Tina Turner


„HEEE! Was ist los? Leute, das ist ein Rock ’n‘ Roll-Konzert!“ rief ein etwas verunsicherter Bryan Adams in der Mitte seines Vorprogramms gegen eine Mauer relativer Gleichgültigkeit. Viel dröge Schickeria hatte sich in den ersten Reihen der bestuhlten Rudi Sedlmeyer-Halle angesammelt, die – im Gegensatz zur Peripherie – von „Canadas sexiest Rocker“ nicht viel wissen (hören) wollte.

Bryan schaffte es schließlich doch noch, ein paar lasche Hintern von den Stühlen zu reißen und wurde sogar zu einer Zugabe herausgebeten. Reife Leistung!

Und dann SIE. Dienstag abend noch in Los Angeles mit drei Trophäen des großen Grammy-Gewinnspiels geehrt, Donnerstag und Freitag schon in Ludwigshafen und München zu den ersten Gigs ihrer, von grippalen Infekten zwar unterbrochenen, aber nichtsdestoweniger euphorischen Euro-Tour.

Perfekt getimt steigt sie vom Himmel der Showtreppe herab und kommt uns zu den Klängen von Princes Antreiber-Song „Let’s Pretend We’re Married“ langsam näher. Lederjacke, schwarze knallenge Lederhosen, 46 Jahre, diese Stimme, diese Vergangenheit, diese Gegenwart… diese Frau verlangt einem allen Respekt ab, den man heutzutage überhaupt noch zu mobilisieren imstande ist.

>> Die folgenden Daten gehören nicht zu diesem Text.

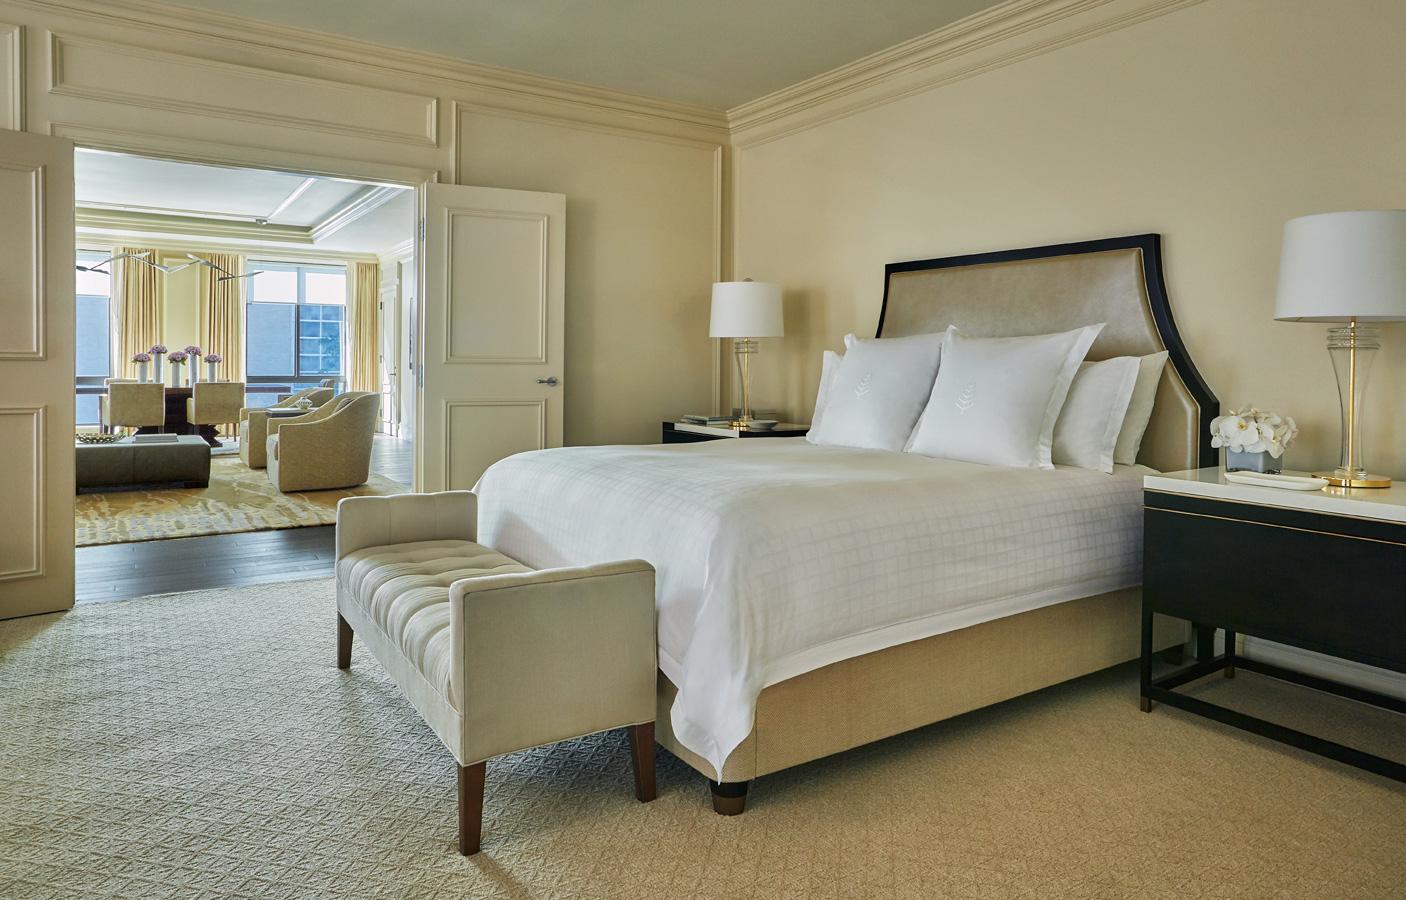 Four Seasons hotel guest suite in Washington, DC

Tina entschuldigt sich für eine schwere Erkältung (die darauffolgenden Gigs wurden bekanntlich abgesagt) und operiert fortan sehr klug mit ihrem angeschlagenen Vokal-Organ, nimmt nur dann Engagement in der Stimme weg, wenn’s fast nicht mehr auffällt. Perfekt!

Eine routiniert kompetente Band begleitet den „Soul Survivor“ durch das Programm aus PRIVATE DANCER-Songs (Höhepunkte: „Help“, „Let’s Stay Together“, „What’s Love Got To Do With It“) und so Klassikern wie „River Deep, Mountain High“ oder zum krönenden Abschluß „Proud Mary“.

Warum sich Tina allerdings einen so selten dämlichen Pseudo-Schwarzenegger an die Keyboards/Percussions stellt, versteh‘ ich ehrlich gesagt nicht so ganz – noch dazu, wo sich die Qualität der Saxofon-Einlagen des Protein-Fressers umgekehrt proportional zum Spiel seines Bi- und Trizeps verhält.

Natürlich weiß das Tina und quittiert’s in ihrer Ansage zu „Proud Mary:“… ich sing‘ den Song schon sehr lange, aber je öfter ich den Song bringe, desto besser… wird er!“

Die Zugaben lassen dann die Menge endgültig toben. Tina holt Bryan Adams zum Duett („It’s Only Love“) und startet mit ZZ Tops „Legs“ (!) zum Grande Finale. Wie heißt’s da so schön? „…she got legs, knows how to use them…“ Wie wahr! Eine runde Sache.